*What the task asks*
Copy all the lines of the listing below exactly. Skip the images.

*Available data*
################
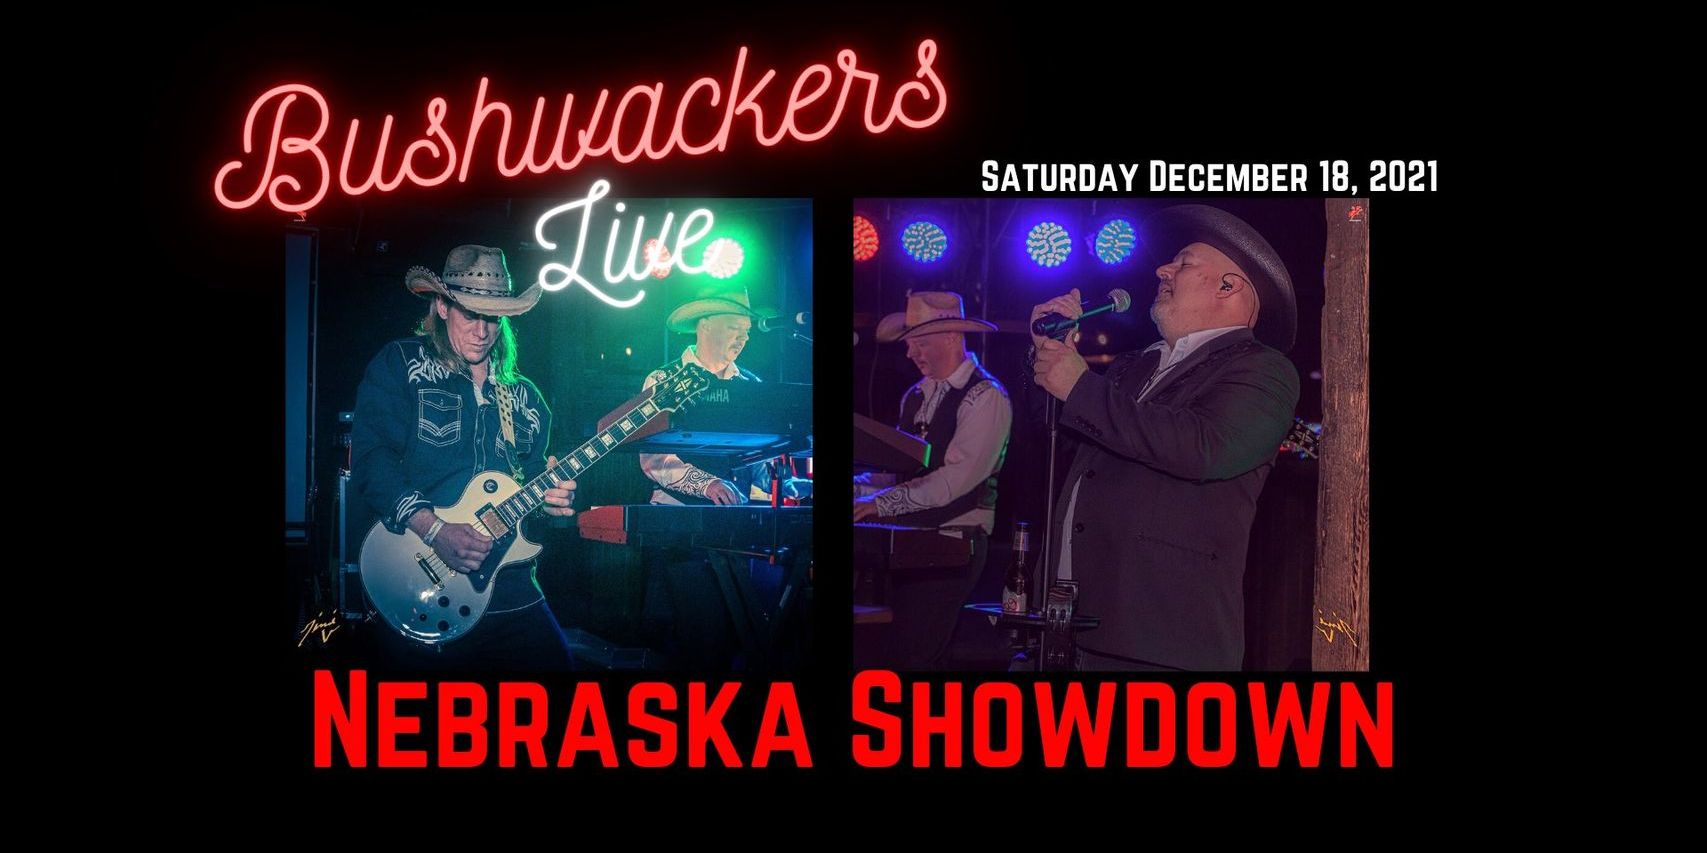 Bushwackers Live: Nebraska Showdown December Show promotional image
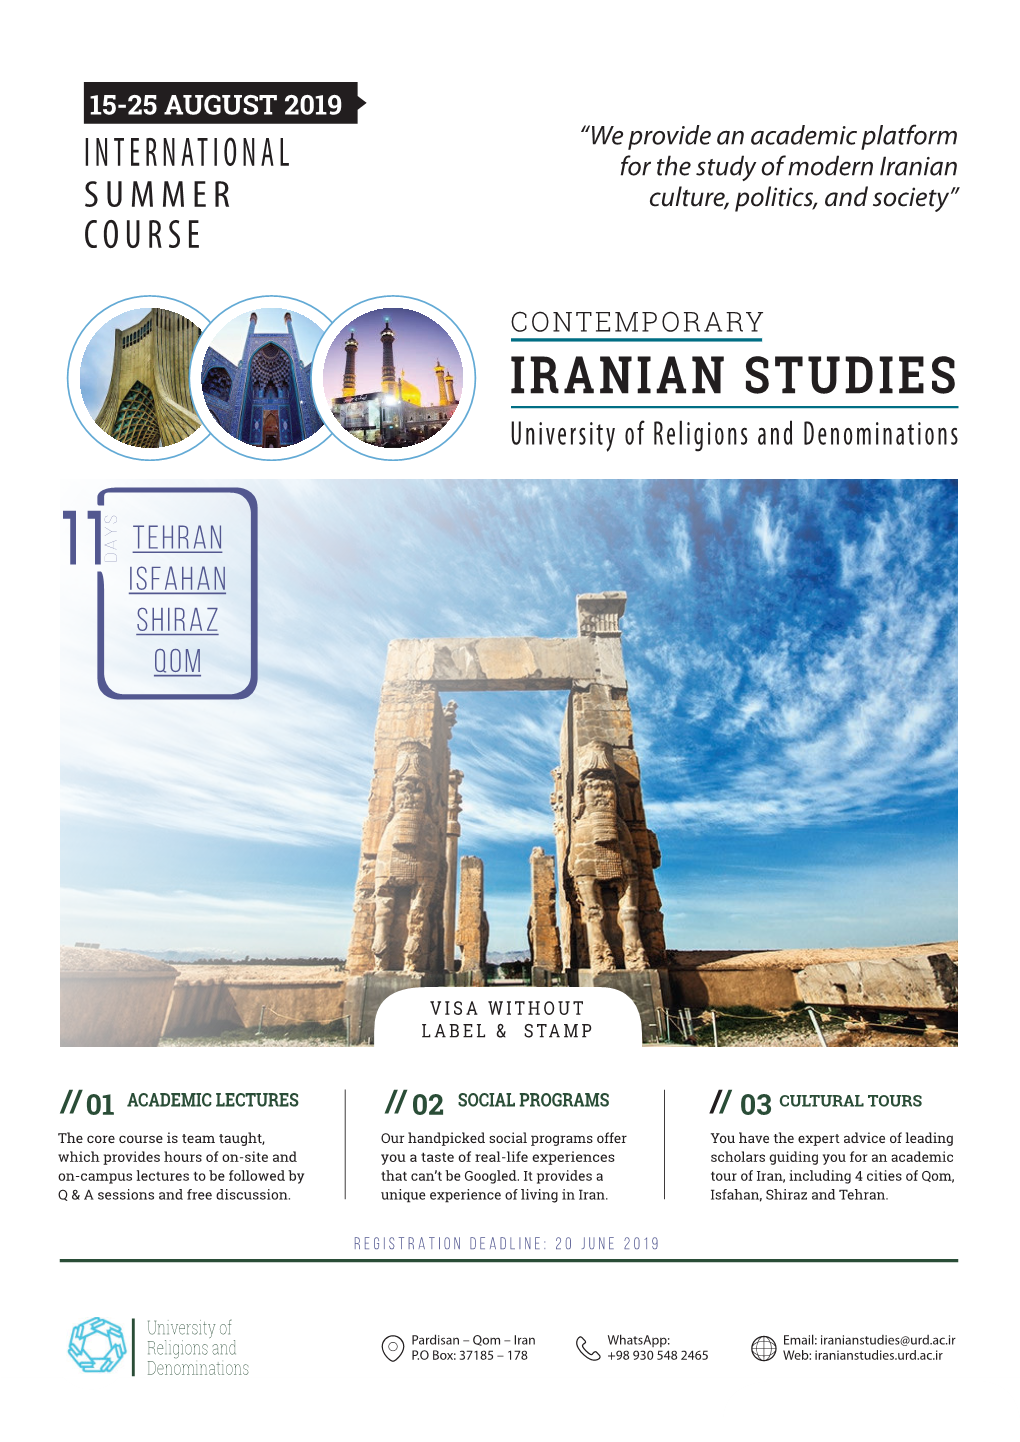 IRANIAN STUDIES University of Religions and Denominations
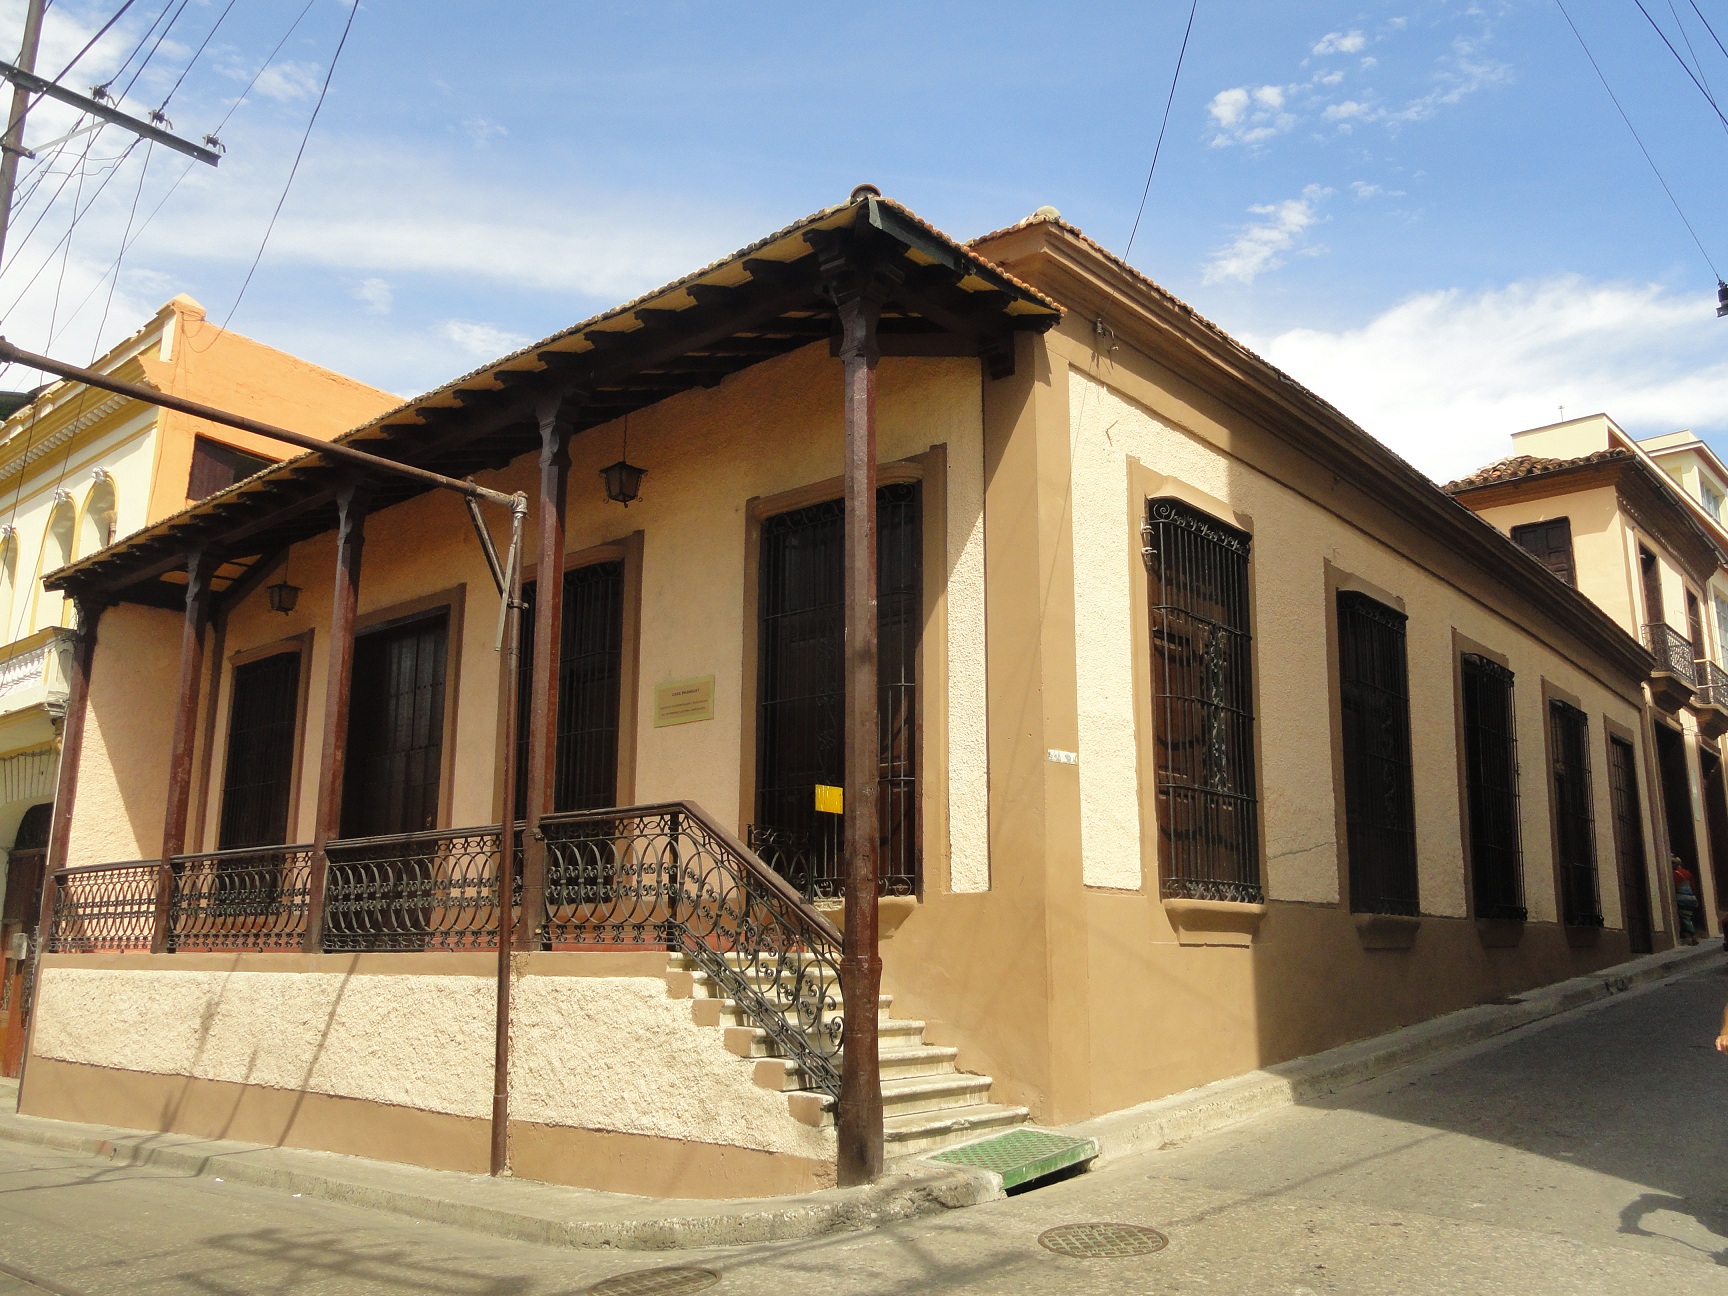 El café deleita en la Casa Dranguet  de Santiago de Cuba
################
*Answer below*
 Bushwackers Live: Nebraska Showdown December Show promotional image
 IRANIAN STUDIES University of Religions and Denominations
 El café deleita en la Casa Dranguet  de Santiago de Cuba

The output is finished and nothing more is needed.